[[ Information supplied, beginning ]]

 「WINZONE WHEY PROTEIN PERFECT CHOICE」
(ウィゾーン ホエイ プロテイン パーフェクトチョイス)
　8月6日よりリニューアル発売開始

[[ Information supplied, end ]]
[[ Information supplied, beginning ]]

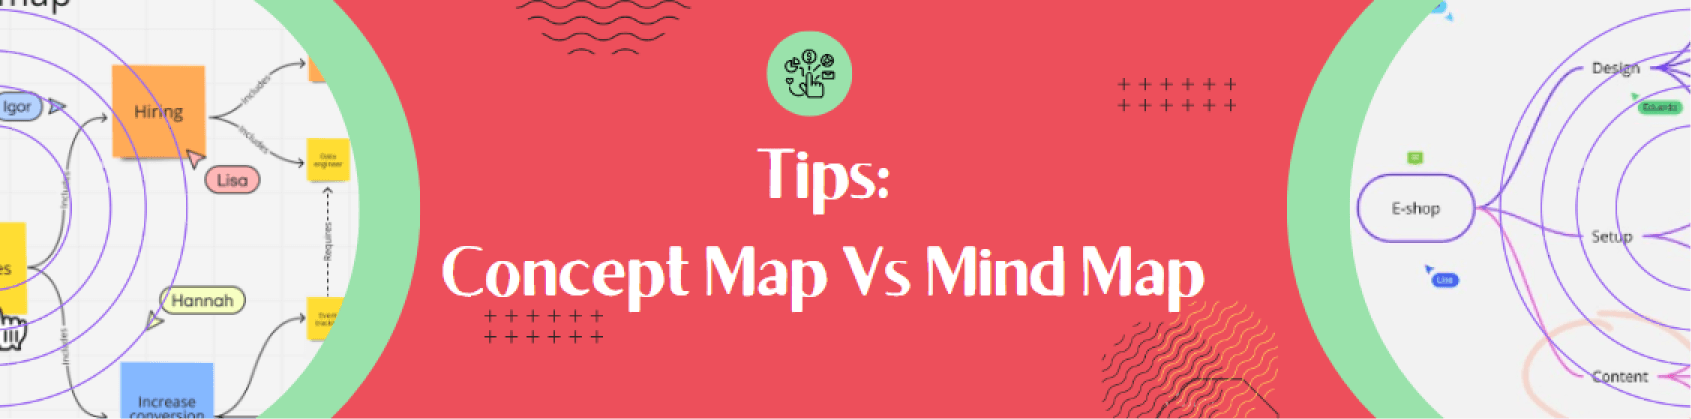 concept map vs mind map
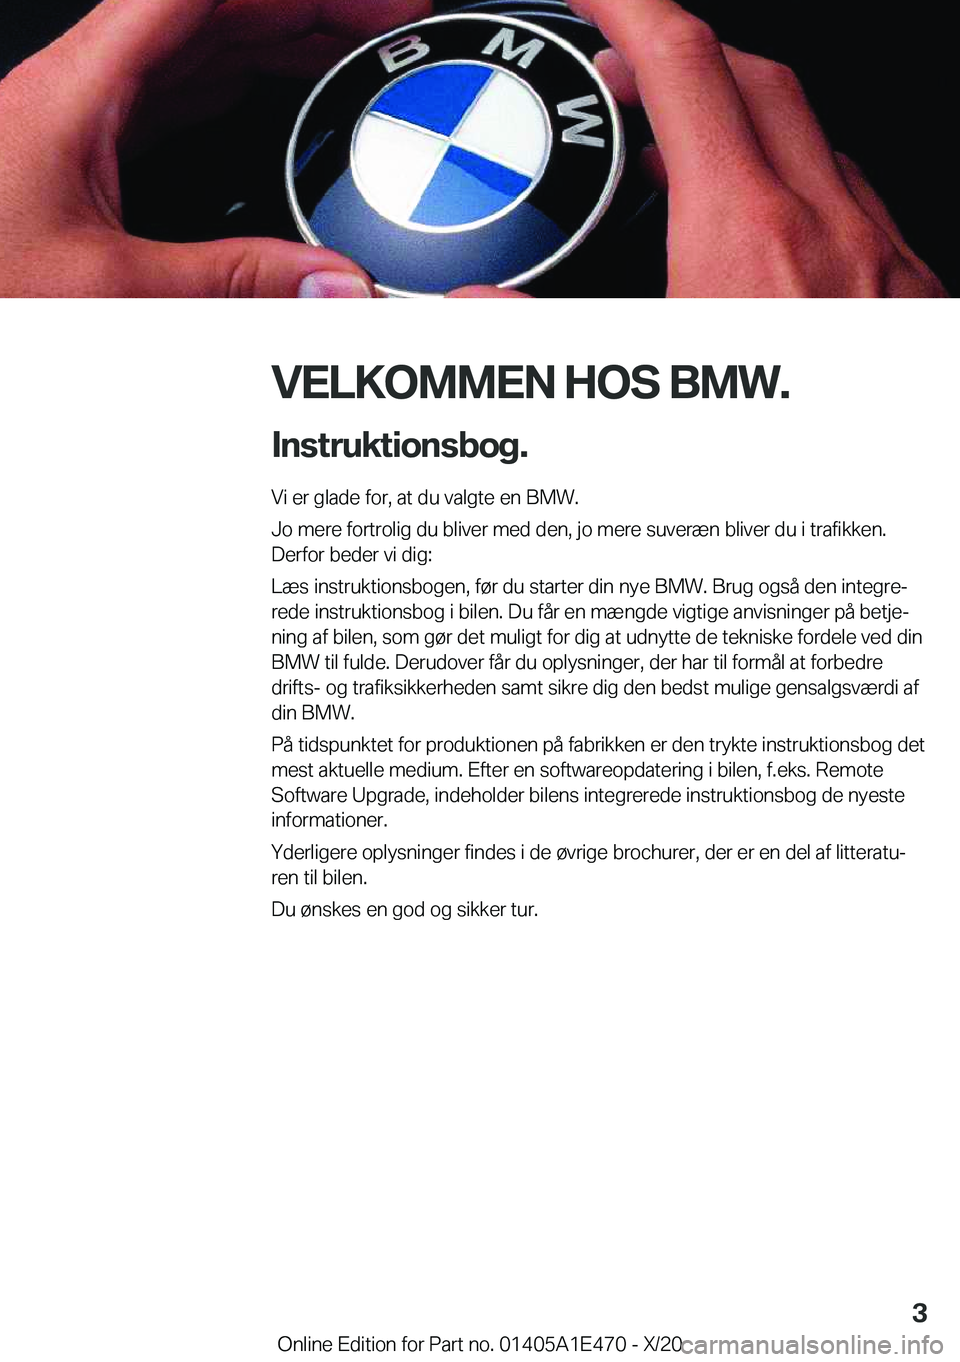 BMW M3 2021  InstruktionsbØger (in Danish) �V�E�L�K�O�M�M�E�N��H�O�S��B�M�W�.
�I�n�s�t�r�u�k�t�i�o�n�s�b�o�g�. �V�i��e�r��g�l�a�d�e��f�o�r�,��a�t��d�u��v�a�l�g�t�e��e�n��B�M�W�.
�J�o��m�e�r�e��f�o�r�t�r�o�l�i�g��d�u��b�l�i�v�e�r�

[[ Information supplied, end ]]
[[ Information supplied, beginning ]]

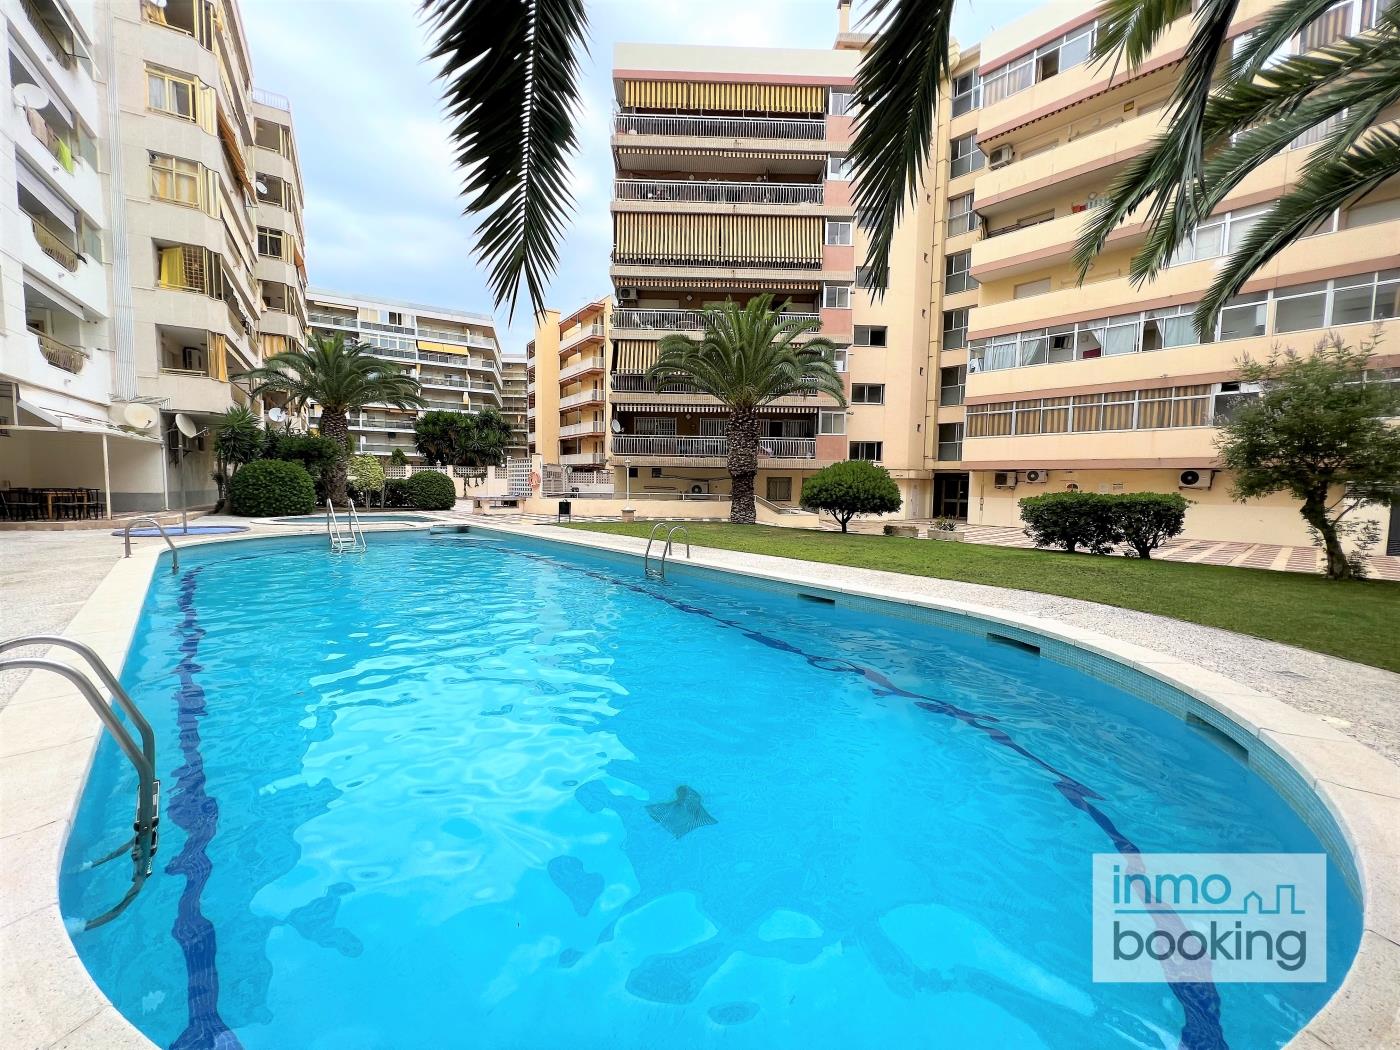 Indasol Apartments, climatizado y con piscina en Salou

[[ Information supplied, end ]]

Instructions for the task: Restate word for word only the lines above from the line containing "PROTEIN PERFECT CHOICE」" to the line containing "8月6日よりリニューアル発売開始", both of them included.

Solution to the exercise:
 「WINZONE WHEY PROTEIN PERFECT CHOICE」
(ウィゾーン ホエイ プロテイン パーフェクトチョイス)
　8月6日よりリニューアル発売開始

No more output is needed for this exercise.